It can even evolve into a ruthless bouncer, one that checks how fast a given IP is making requests. A basic rate limiter at first, but with just enough brains to start flagging patterns: an IP making an absurd number of requests in a short time? 🚩 Might be DoS. Multiple IPs using the same authentication token and hammering the server? 🚩 Probably a brute force attempt or some sketchy automation. This thing doesn’t need to be smart, it just needs to be aggressive, paranoid, and fast. Block first, think later. Because personally I believe protecting the server matters more than being polite.

I tried multiple iterations of this gateway. One version monitored CPU usage to decide when to shed load. What did I learn? CPU usage is a terrible metric for NodeJs. Node runs JavaScript on a single thread, meaning only one CPU core does the actual work, regardless of how many cores your machine has. That alone makes per core CPU usage stats misleading.

One version of the gateway compared total idle vs active time per core since boot but that data is cumulative, so if the system has been idle for hours and suddenly spikes, the usage still looks low. Totally useless in real time. Another version tried to catch short CPU bursts using instantaneous sampling. That also failed. During autocannon tests, I sent thousands of requests. I saw dozens of them (around 80) getting dropped, even though average latency was only 480ms and the system wasn’t actually struggling. Bottom line: CPU metrics don't tell you when Node is choking. They tell you how busy the system is not how responsive the JavaScript engine is. And in a single threaded world like Node, that’s the only thing that really matters.

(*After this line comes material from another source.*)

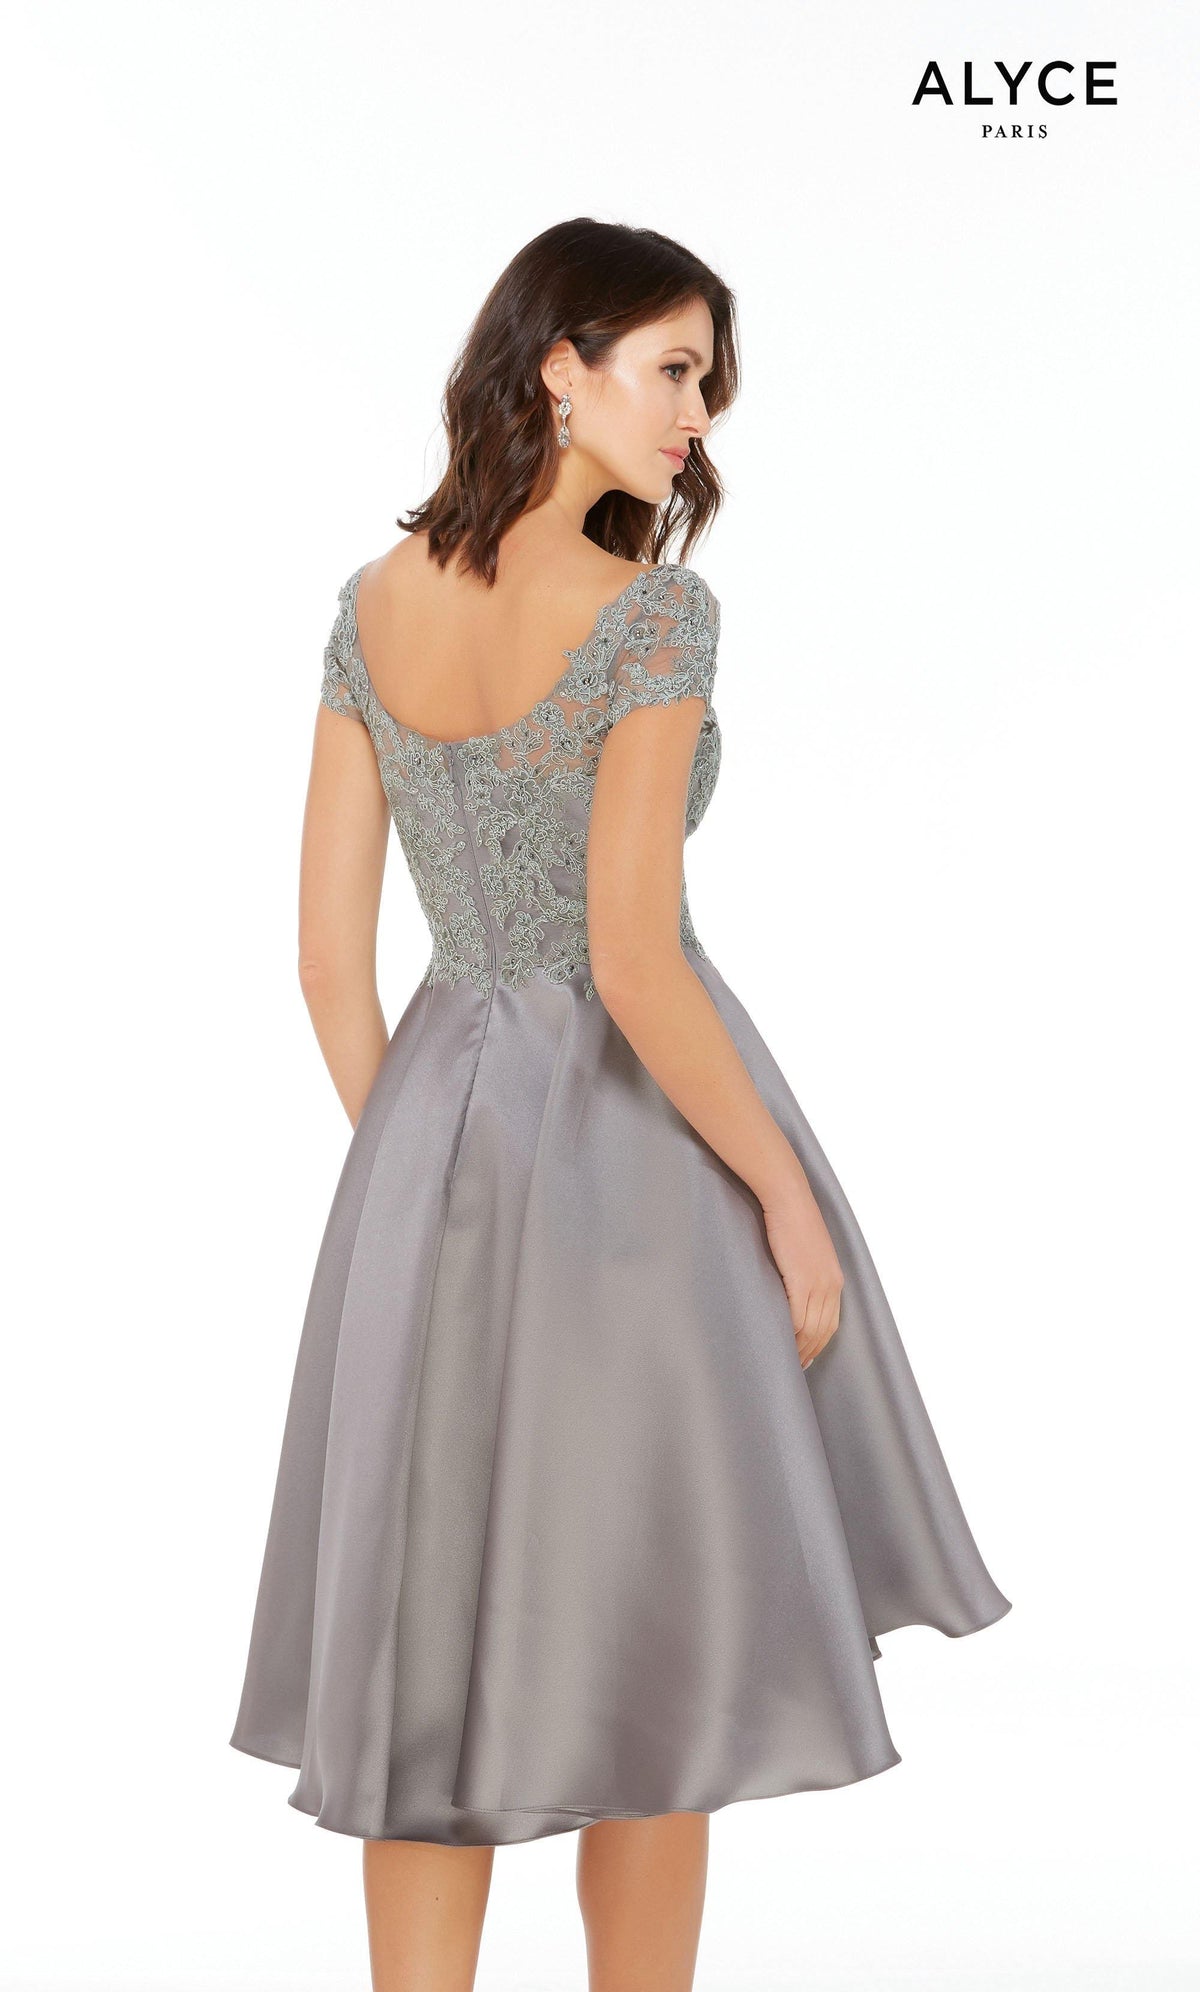 Grey Mikado high-low elegant mother of the bride dress with a scoop back, lace bodice, and short sleeves

Eventually, I ditched the CPU based attempts and tried out a version that measured event loop lag. Unlike CPU metrics, event loop lag directly measures whether Node can keep up with its workload. It doesn't care about system load averages or whether other cores are busy it tracks the thing that actually runs your JavaScript: the event loop. I used perf_hooks.monitorEventLoopDelay() to measure how far behind the loop was during a 100ms sampling window (adds 100ms , absolutely not recommended for production; should best be run globally outside the request paths). If the delay exceeded 50ms, the gateway would reject the request with a 503. Under autocannon load tests, it only rejected requests when Node was genuinely under pressure when blocking code, or high concurrency actually impacted responsiveness.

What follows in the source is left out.